We are often taught not to think of ourselves more highly than we ought, but in doing so we can also err on the side of not taking our responsibilities seriously enough, lacking passion in what we do. Leaders can be tempted to limit their impact by not giving enough weight and significance to what they do. Too often we are reactive and base our worth off of how others respond to our leadership. If I have a child in school, I am not going to base my opinion of my child’s worth on what the teacher says about my child. I am going to base my opinion on what I say about my child, I who have loved and nurtured that child from before he was born. Similarly, if you are a leader or founder or initiator of anything worthwhile, you should not expect to find anyone more passionate, anyone who cares more than you do about what you are doing. If you believe it matters, it does matter. If you can convince others that it matters, you are a leader.

Anyone you find with more passion about a matter than you is someone you can learn from. Even if you take away knowledge and experience, passion will stick out like a sore thumb. Take a look at the definition of the Greek word, “pathos.” Aristotle asserts that this is one of the main elements to effective communication.

“[P]athos (Greek for ‘suffering’ or ‘experience’) is often associated with emotional appeal. But a better equivalent might be ‘appeal to the audience’s sympathies and imagination.’ An appeal to pathos causes an audience not just to respond emotionally but to identify with the writer’s point of view–to feel what the writer feels. In this sense, pathos evokes a meaning implicit in the verb ‘to suffer’–to feel pain imaginatively…. Perhaps the most common way of conveying a pathetic appeal is through narrative or story, which can turn the abstractions of logic into something palpable and present. The values, beliefs, and understandings of the writer are implicit in the story and conveyed imaginatively to the reader. Pathos thus refers to both the emotional and the imaginative impact of the message on an audience, the power with which the writer’s message moves the audience to decision or action.”

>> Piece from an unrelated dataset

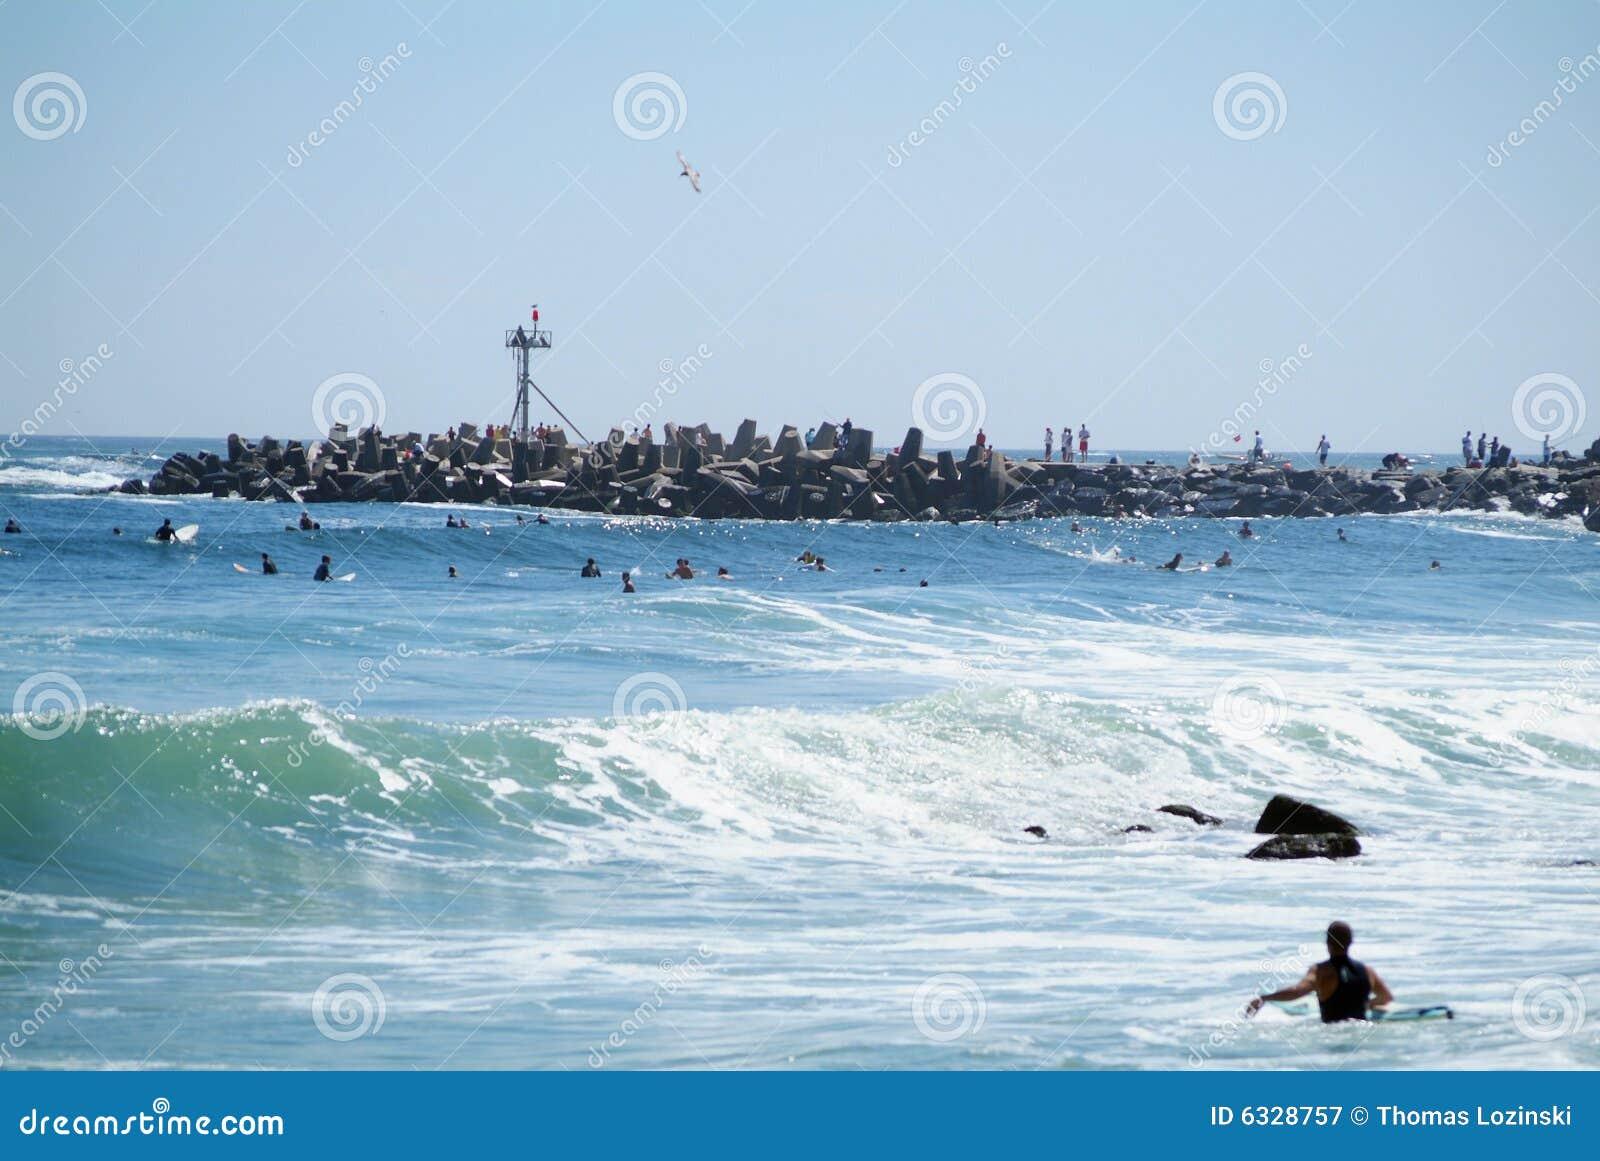 Surfistas demais

Did it strike you that when we are impassioned, we are making a “pathetic” appeal? This says to me that leaders are supposed to believe so much in what they do that they are willing to be seen as pathetic to those who don’t understand. I can imagine what people said of Howard Shultz in the early days, “Man, that guy thinks that the sun rises and sets on his coffee. Get a life!” Well, today he has a life, and a nice one at that.

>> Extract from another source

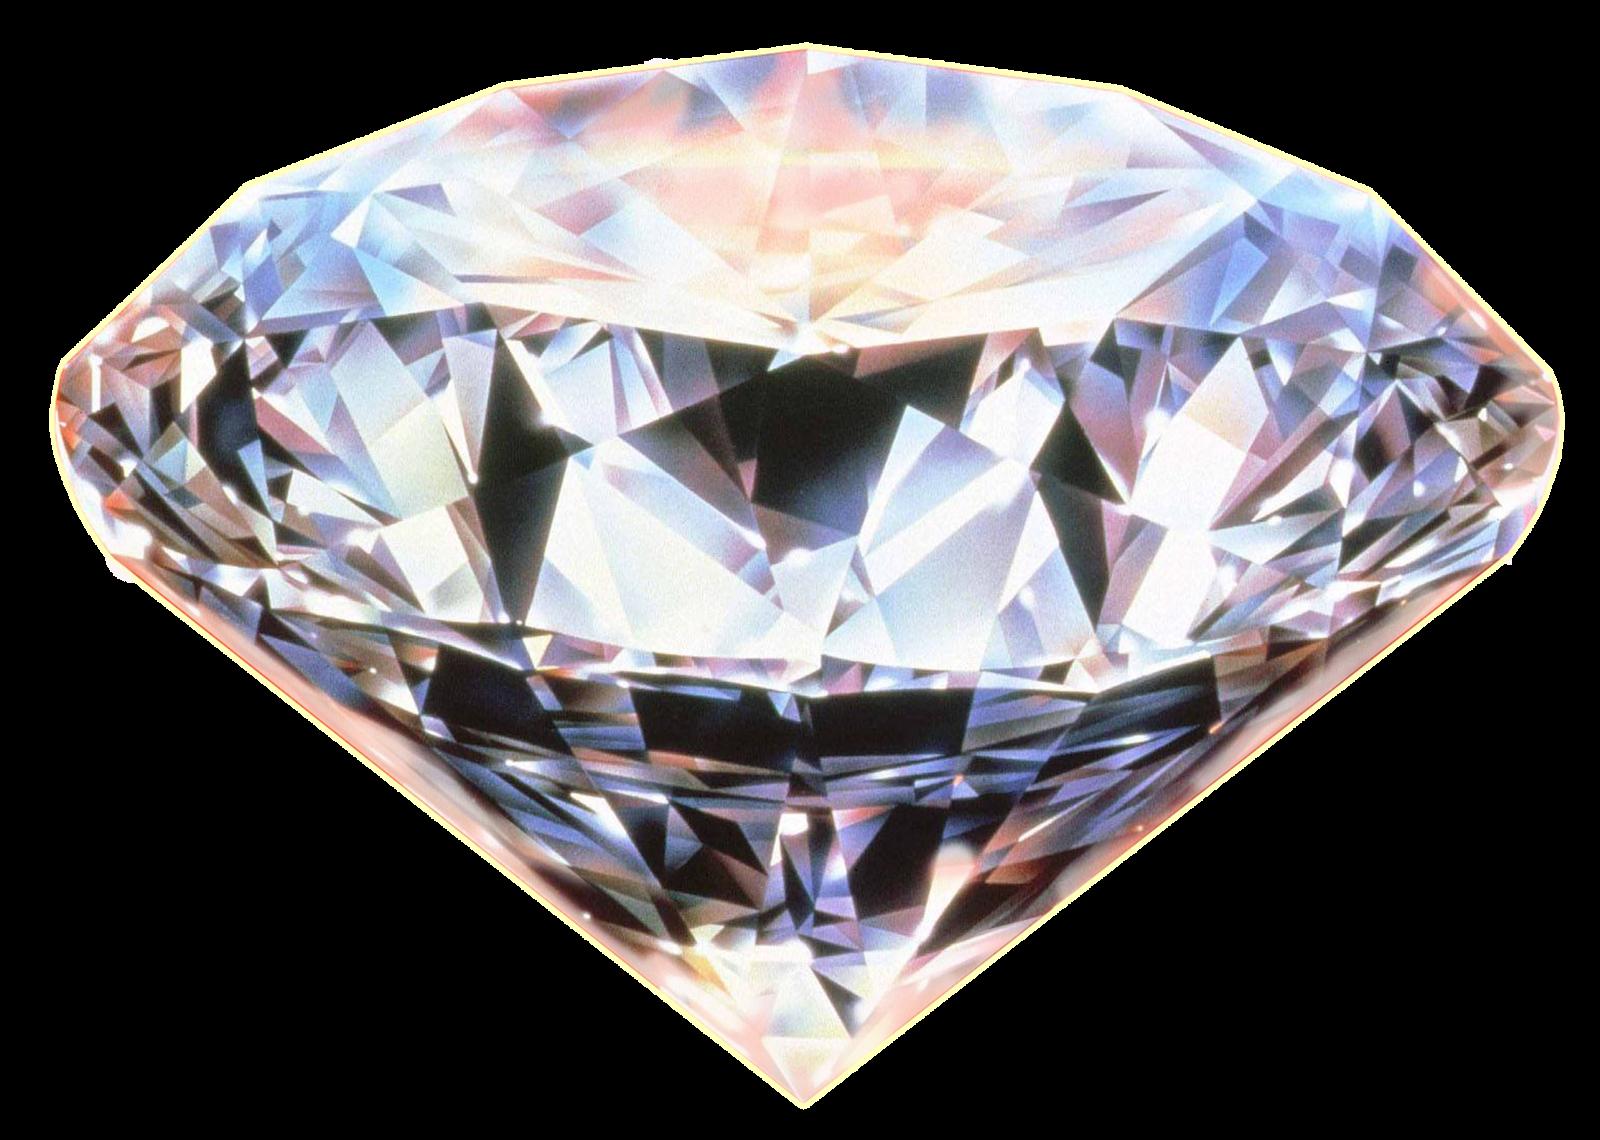 Diamonds clipart basic. Diamond transparent png pictures

I was teaching a children’s Sunday School class a number of years ago and, particularly if I was reading the Psalms, I would make a habit of reading the text aloud to the children with as much passion as I could muster. The children sat in rapt attention, though they probably lacked the vocabulary to understand all of what I said. It was my passion that came through, and they were going to sit up and take notice. If I didn’t treat that message as though it was the most important thing that they would ever hear, I wasn’t doing my job.

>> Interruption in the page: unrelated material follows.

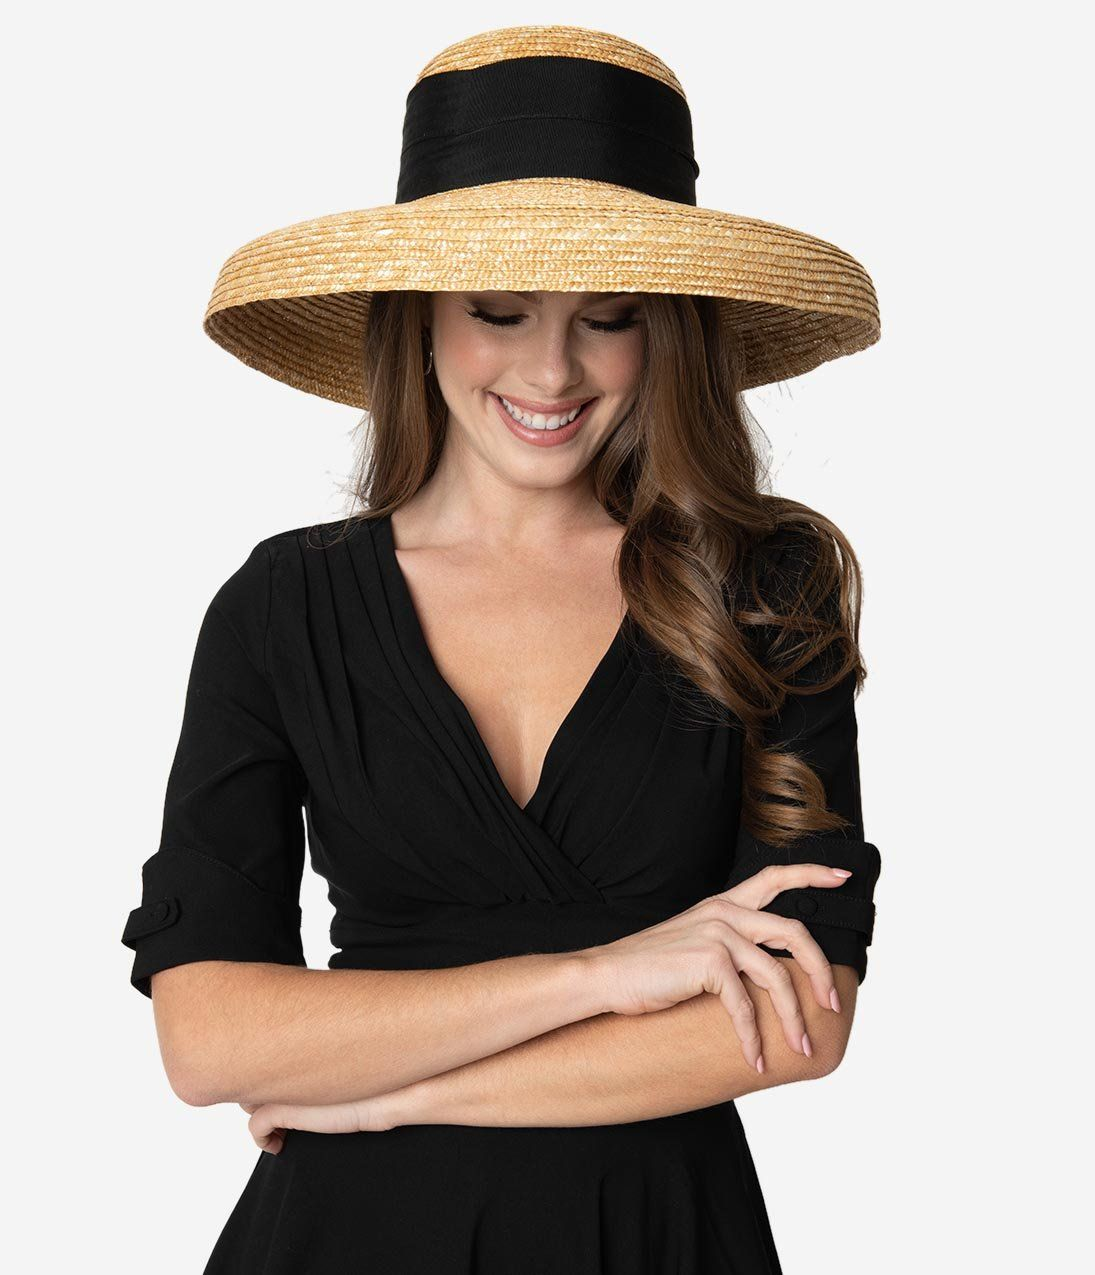 Fashion Hat Pillbox Hat Womens Straw Hat Summer Hat for Women Wedding Hat 1950s Style Hat Beret Hat Panama Hat Straw Fascinator Hat

Today, we have all kinds of messages that compete for our attention. We have so much info, but passion remains a rare commodity. If you believe in what you do more than anyone around you and if you are not afraid to show it, you will find yourself leading many others including some who have surpassed your position. Follow your passion, fan it into flame and don’t be shy about igniting it in others. Your impact will be as significant as you believe it can be.